# Cheese times



## grindstaff3 (Jul 17, 2008)

Alright i'm going to attempt my first cheese smoke using the can and soldering iron method.  it seems like the best for me from all my research.  i have a chargrill pro and it is currently sitting in the hot july sun.  should i wait untill dusk or night time to do my smoking??  also i have read about 100 different timelines for smoking the cheese.  anything from 1/2 hr. to 3 1/2 hours.  what is best and how do you know it's done?  also should i use ice no matter what??...Thanks guys


----------



## geek with fire (Jul 17, 2008)

I think you're going to need to do this at night.  You want to keep the temps below 90, which will be hard to do in the hot sun.

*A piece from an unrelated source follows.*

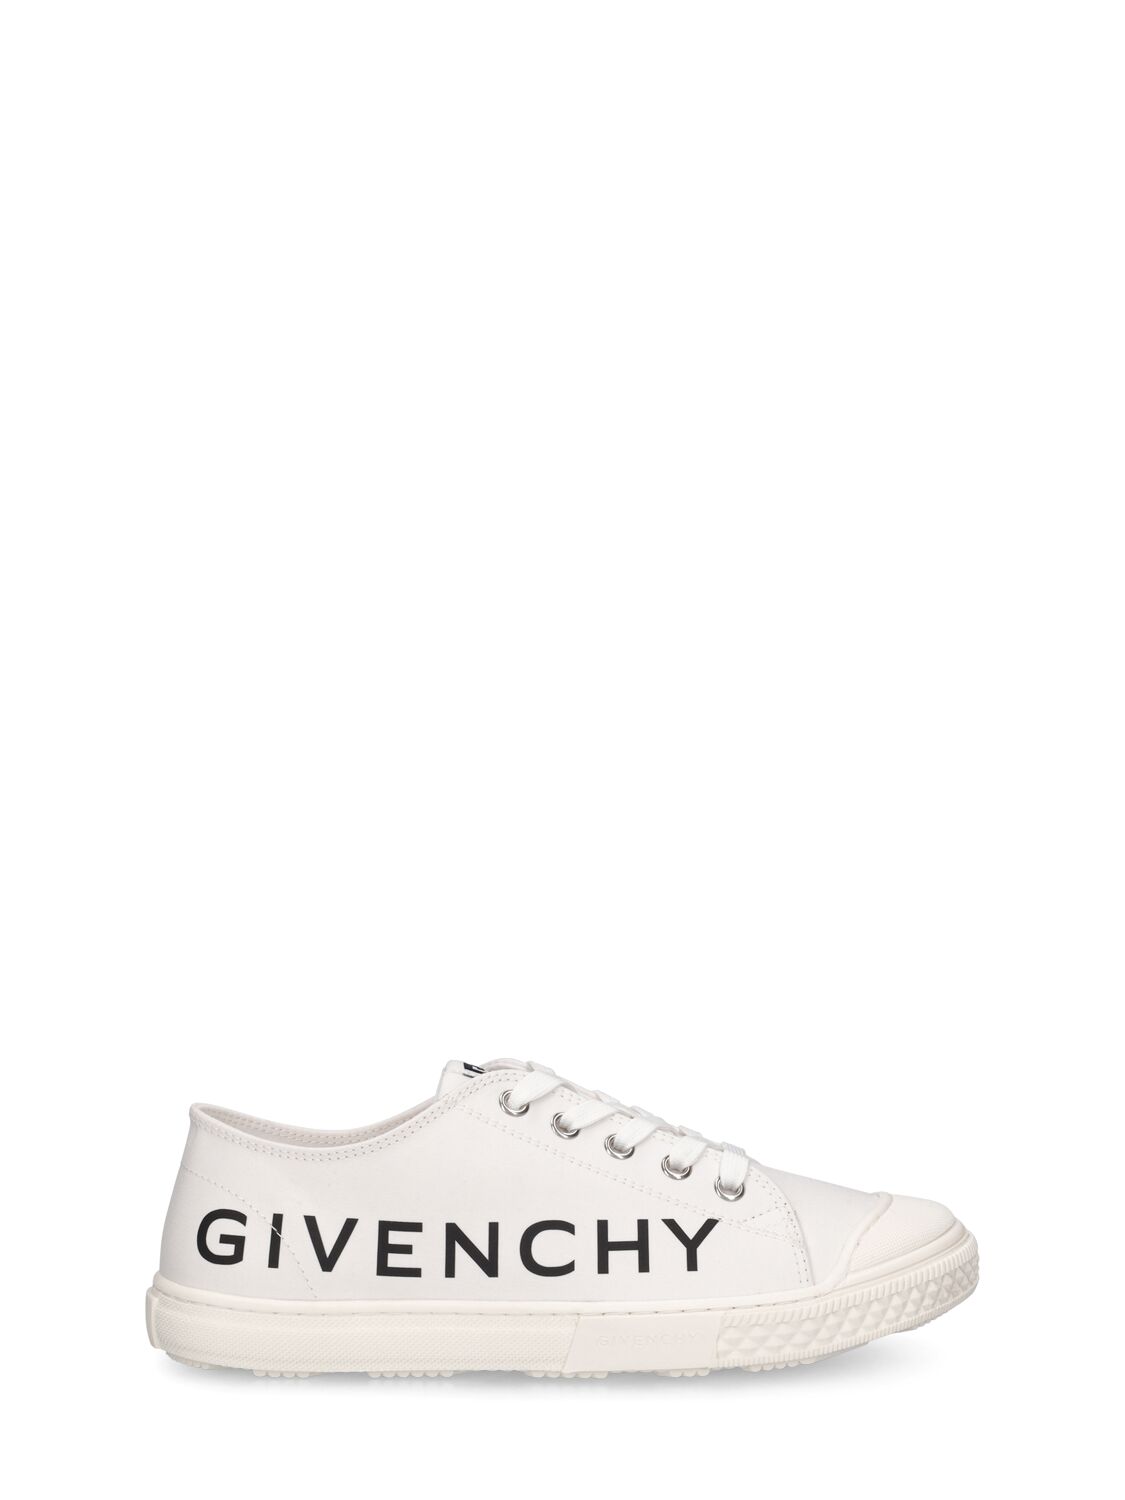 Givenchy Logo Canvas Sneakers In White

Time depends on how much smoke flavor you like.  I use cherry and apple chips and I smoke about 4 hours.  When you are done, seal it up and let it set in the fridge overnight to meld.


----------



## jbchoice1 (Jul 17, 2008)

that's about what I do too, but I smoke for 2hrs with a stronger wood.  but I have also hot smoked cheese.  we'll get into that later.  don't want to hyjack.


----------



## grindstaff3 (Jul 17, 2008)

wow that just seems like a very long time, 4hrs.  i hav some cherry and plum but could get ahold of mesquite or hickory chips or pellets.  i was thinking like 1 to 2 hours.  do you need to check it when the smoke quits flowing or just leave it for a certain time.  also how big of blocks do i need?  sorry for all the ?'s but i don't want 5 lbs. of melted cheese in my smoker lol


----------



## jbchoice1 (Jul 17, 2008)

you can do any size of cheese...  cheese sticks, blocks, grated, whatever floats your boat.  if you are worried about it melting or are doing a very soft cheese, the just put a pie plate or one of those aluminum foil toss away pans under it.  make clean up a piece of cake.


----------